On the Pure States of the Replica Symmetry Breaking ansatz

TL;DR

This paper redefines pure states in spin systems without disorder averaging or replicas, offering a new perspective on the RSB scheme and deriving the Parisi formula for the SK model.

Contribution

It introduces a novel interpretation of pure states in spin systems and redefines the RSB scheme without using replicas or disorder averaging.

Findings

Reinterpreted pure states as disjoint subsets with product-like measures

Defined an approximate probability measure for RSB scheme

Derived the Parisi formula for the SK model

Abstract

We discuss the concept of Pure State of the Replica Symmetry Breaking ansatz in finite and infinite spin systems without averaging on the disorder, nor using replicas. Consider a system of n spins $\sigma\in\Omega^{n}$ with the usual set $\Omega=\left\{ -1,1\right\}$ of inner states and let $G:\,\Omega^{n}\rightarrow\left[0,1\right]$ a Gibbs measure on it of Hamiltonian $\mathcal{H}$ (also non random).
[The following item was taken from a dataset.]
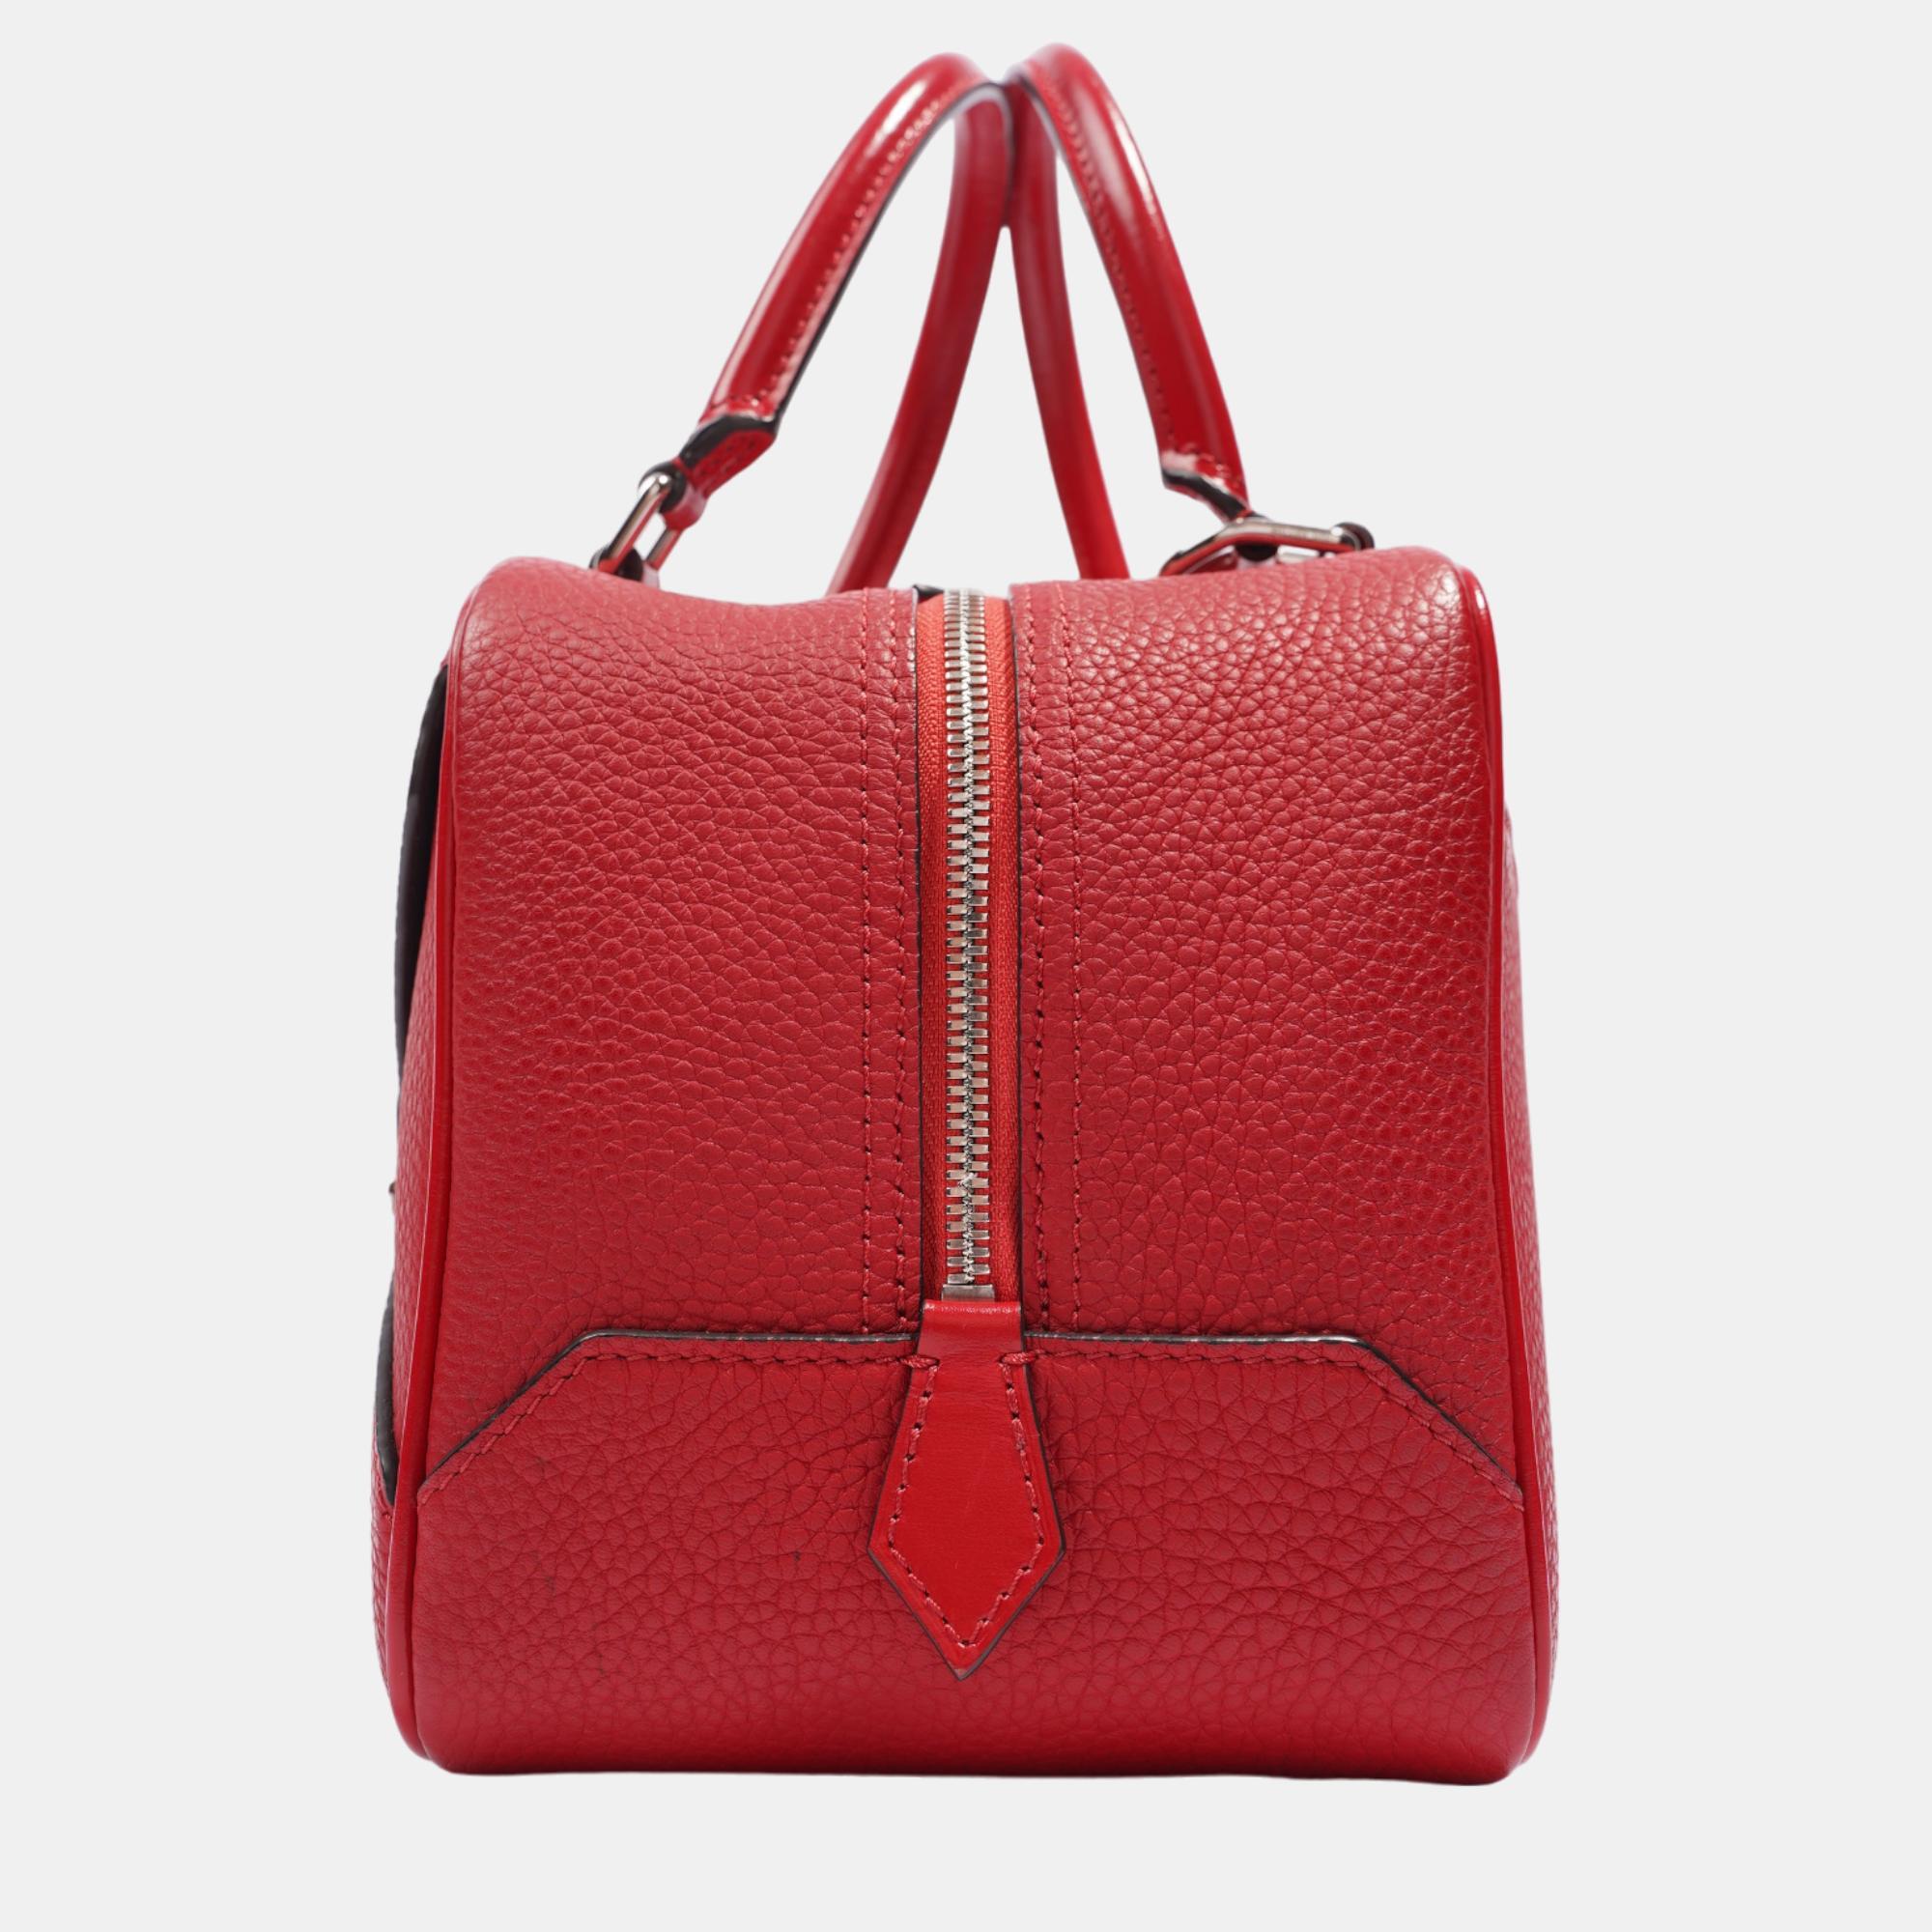 Louis Vuitton Neo Square Red Leather

We interpret the pure states of a model $\left(\Omega^{n},\mu\right)$ as disjoint subsets $\Omega^{n}$ such that the conditional measures behaves like product measures as in usual mean field approximations. Starting from such definition we try to reinterpret the RSB scheme and define an approximated probability measure. We then apply our results to the Sherrington-Kirkpatrick model to obtain the Parisi formula.